Arbeitnehmer-Beteiligung: ist Diversifikation plötzlich verpönt?
Die Idee der „Investivlöhne“ ist im Zuge der Finanz- und Wirtschaftskrise aus dem Blickfeld der Öffentlichkeit geraten, könnte im sich verfestigenden Aufschwung jedoch wieder an Bedeutung gewinnen. Als Oberbegriff bezeichnen Investivlöhne eine größere Beteiligung von Angestellten am Unternehmen. Diese könnte über eine Ausweitung von Belegschaftsaktien-Programmen, Genussrechte oder stille Beteiligungen Realität werden.
Bessere Bindung ans Unternehmen erhofft
Die Hoffnungen, die in das Modell einer verstärkten Mitarbeiterbeteiligung gesetzt werden, sind vielfältig. Gewerkschaften erhoffen sich eine nennenswerte Beteiligung am Gewinn eines Unternehmens, Arbeitgeber eine bessere Bindung der Mitarbeiter und eine flexiblere Vergütungs- (=Kosten-)Struktur.
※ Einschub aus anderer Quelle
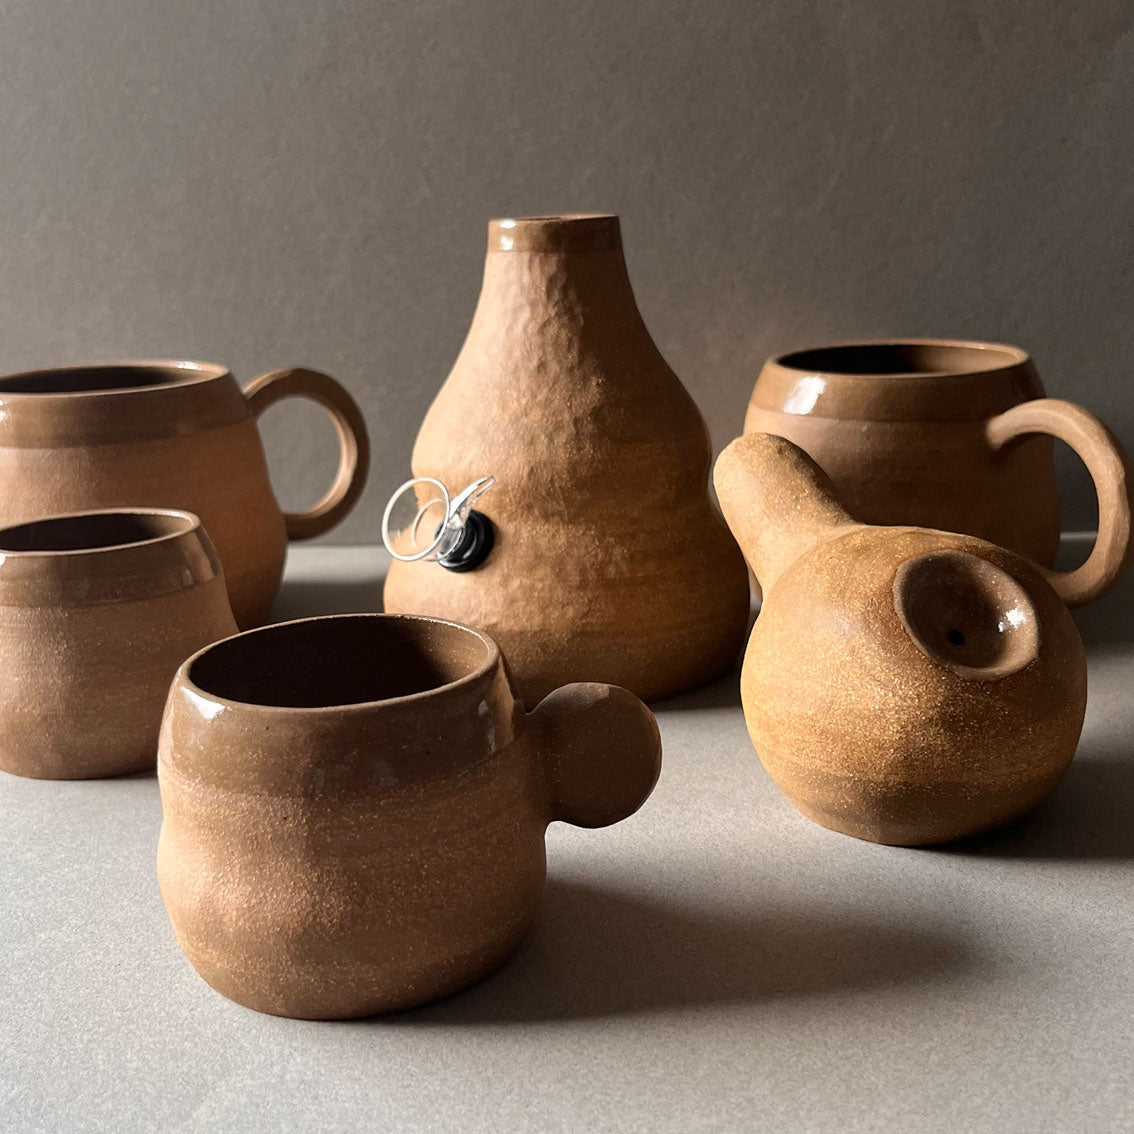 Terra Onda collection, brown clay bodies with hammered texture and clear glazed interiors. Mugs, Espresso cups, pipes and bongs

Der Gesetzgeber hat die Rahmenbedingungen für Belegschaftsbeteiligungen verbessert und den Freibetrag für geldwerte Vorteile im Jahr 2009 von 135 auf 360 Euro angehoben.
Vollständige Abhängigkeit vom Unternehmensschicksal?
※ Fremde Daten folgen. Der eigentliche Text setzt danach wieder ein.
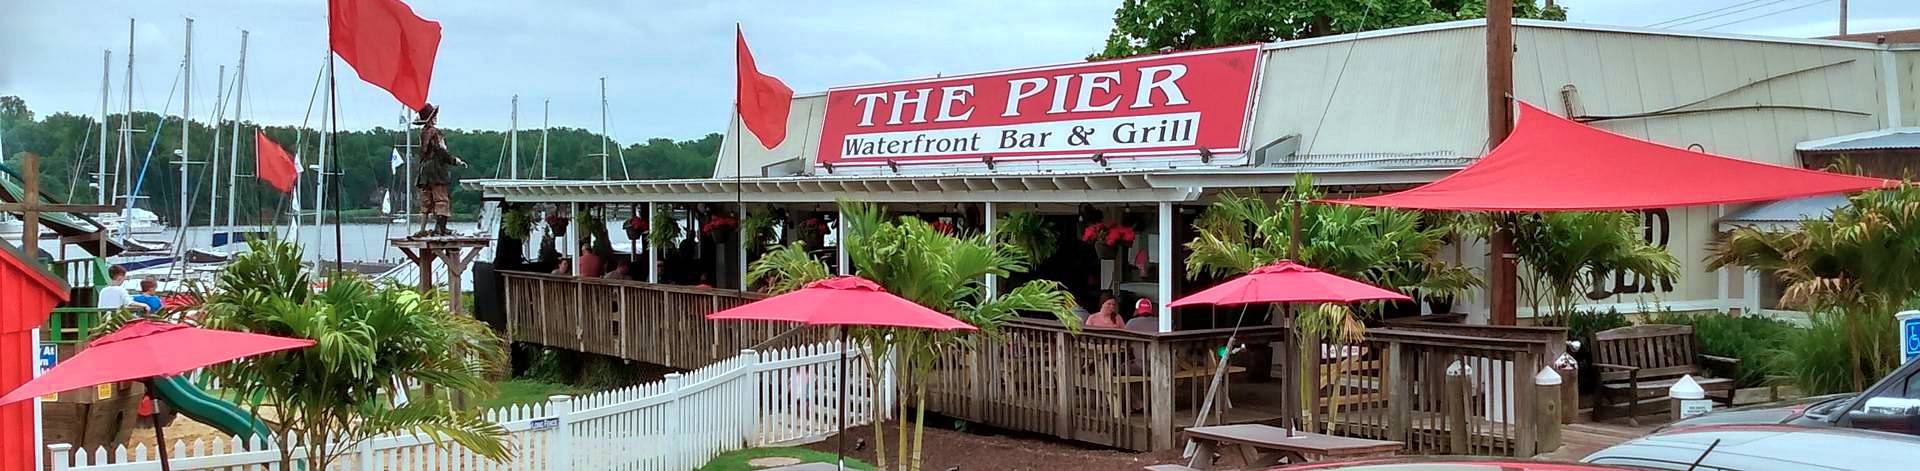 The Pier Waterfront Bar and Grill

Auch wenn das Ausmaß der Mitarbeiter an ihren Unternehmen in Deutschland bislang gering ist, wächst die Bedeutung stetig. Sofern die Anteile am Unternehmen eines Mitarbeiters einen nennenswerten Anteil an dessen Gesamtvermögen (inklusive Kapitalansprüchen und anderen Zusagen) erlangt, birgt die Mitarbeiterbeteiligung erhebliche Risiken. Im (an dieser Stelle fiktiv dargestellten) Extremfall könnte das so aussehen: Ein Mitarbeiter einen großen Automobilkonzerns in Norddeutschland investiert seine gesamte Sparquote in Belegschaftsaktien. Zudem erwirbt er am Standort seines Arbeitsplatzes eine selbstgenutzte Immobilie.
Risikostreuung geht vor höherer Motivation
In einem solchen Szenario können dem beteiligten Mitarbeiter existenzielle Nöte drohen, wenn sein Arbeitgeber insolvent wird: Dann fällt nicht nur das Erwerbseinkommen fort, sondern auch die Belegschaftsaktien sind wertlos. Zudem ist mit einem drastischen Wertverfall des Eigenheims zu rechnen, wenn das bankrotte Unternehmen für die Region von großer struktureller Bedeutung war. Für Arbeitnehmer, die in der Regel ohnehin ihr gesamtes Einkommen von einem Unternehmen beziehen sollte Diversifikation bei der Geldanlage und der Vermögensbildung besonders wichtig sein. Mitarbeiterbeteiligungen konterkarieren dies. Das Klumpenrisiko sollte bei der Diskussion über Investivlöhne und Co. nicht außer Acht gelassen werden.